44. The Greek harmozo means ‘to betroth, to give one in marriage to anyone’ (Thayer’s Greek Lexicon, https://biblehub.com/greek/718.htm). Paul will ‘present you [the Corinthian church] as a chaste virgin to Christ – at His coming, when the heavenly marriage shall take place (Mt 25:6)’ (Jamieson-Fausset-Brown Commentary, https://biblehub.com/commentaries/2_corinthians/11-2.htm).

45. Henderson averred: ‘The redeemed in heaven will be impeccable forever’ (Henderson 2017:179).

46. Concerning the ‘union with Christ’, Athanasius wrote: ‘For he [Christ] was made man that we might be made God’ (Athanasius 1891:93). Aquinas added: ‘With regard to the full participation of the Divinity, which is the true bliss of man and end of human life; and this is bestowed upon us by Christ’s humanity; for Augustine says in a sermon (xiii, de Temp.): God was made man, that man might be made God’ (Aquinas, 1981, III.1.2). Whatever ‘union with Christ’ may mean, we are not claiming that humans can become Gods, because God cannot be created. However, we can be ‘partakers of the divine nature’: ‘For by these He has granted to us His precious and magnificent promises, so that by them you may become partakers of the divine nature, having escaped the corruption that is in the world by lust’ (Pt 2 1:4).

47. ‘The traditional view of heaven holds that the redeemed in heaven both have free will and are no longer capable of sinning. A number of philosophers have argued that the traditional view is problematic. How can someone be free and yet incapable of sinning? If the redeemed are kept from sinning, their wills must be reined in. And if their wills are reined in, it doesn’t seem right to say that they are free. Following James Sennett, we call this objection to the traditional view of heaven “the Problem of Heavenly Freedom” (Pawl 2009:398–400). Christ being fully God and fully man can take a bride in marriage. This solution also resolves the problem raised by Schellenberg that God could (and should) give finite beings ‘good-without-evil’. ‘God’s motive in creating the world is the motive to share with finite beings good-without-evil’ (Schellenberg 2013:44). ‘Good-without-evil’ (i.e. impeccability, ‘free will and no sin’, just like Christ) can only be given to creatures in a ‘union with God’.

48. Nevertheless, humans as creatures have no cause to complain. Irenaeus observed: ‘For we cast blame upon Him, because we have not been made gods from the beginning, but at first merely men, then at length gods’ (Irenaeus 2018:305). Goetz suggests: ‘It is because of the existence of the intrinsic good of justice that God does not create everyone in heaven. He cannot create everyone in heaven without acting unjustly’ (Goetz 2012:482).

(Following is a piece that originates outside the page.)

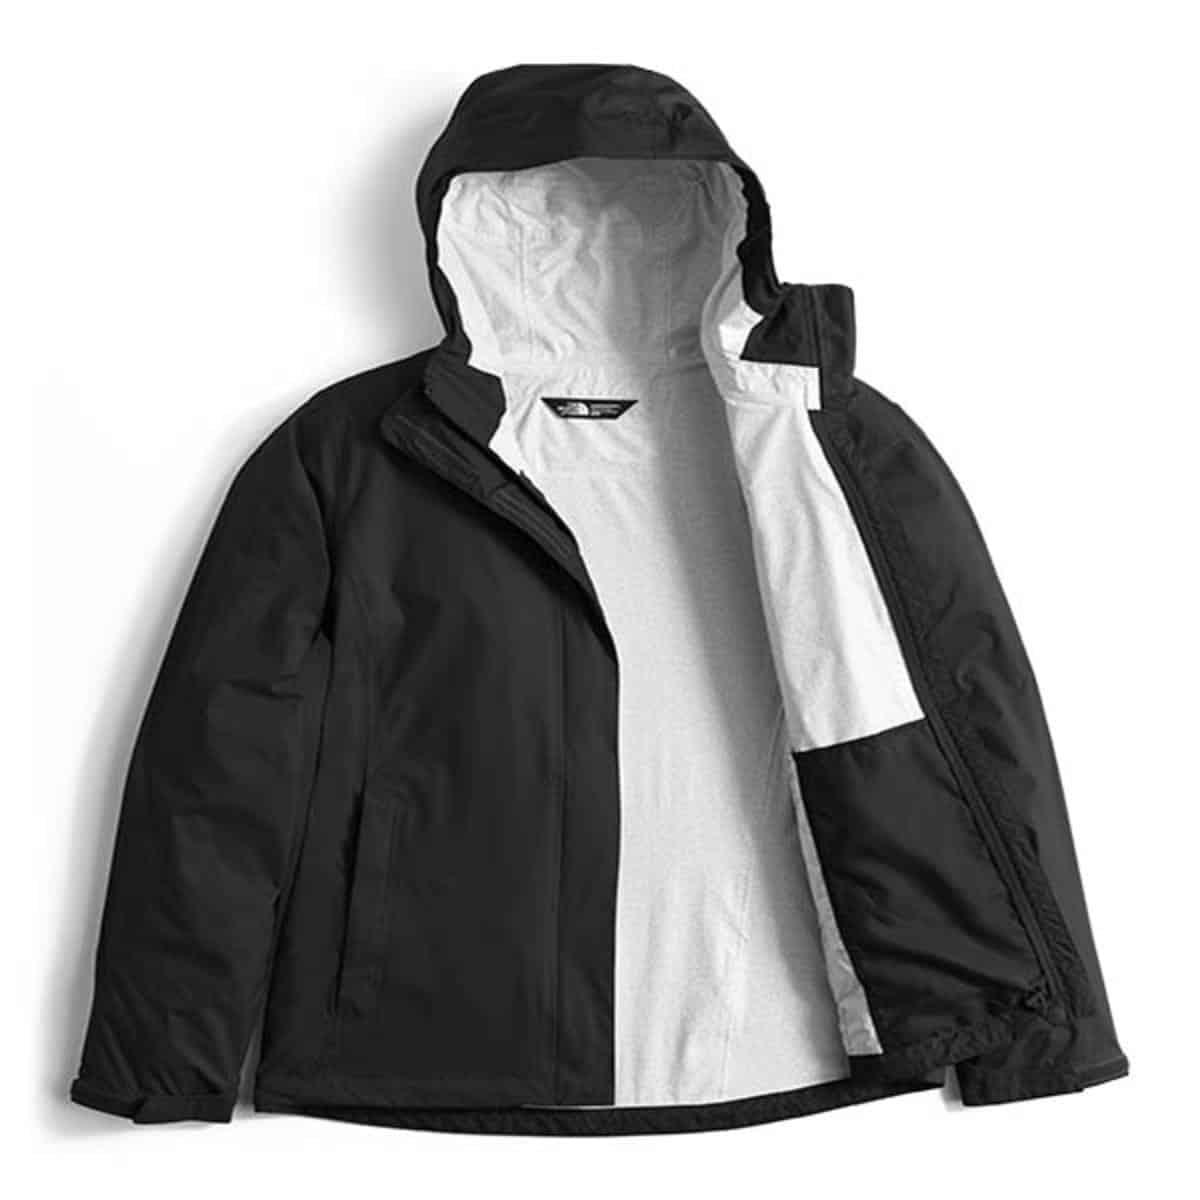 the-north-face-women-s-venture-2-jacket-black-52

49. Hick said: ‘Is it logically possible for God so to make humans that they will freely respond to Himself in love and trust and faith? I believe that the answer is no’ (Hick 1985:272). God cannot logically make humans love Him freely.

50. Schellenberg argued that ‘an evil-permitting free will apparently cannot be part of any good that God is motivated to share with finite persons in creation … there is clearly no room to say that the love God would be motivated to facilitate among creatures could come with the possibility of rejection’ (Schellenberg 2013:44). However, God’s perfect love, as one of his attributes, cannot be given to creatures. Thus, creaturely ‘love’, being imperfect, may come with the possibility of rejection.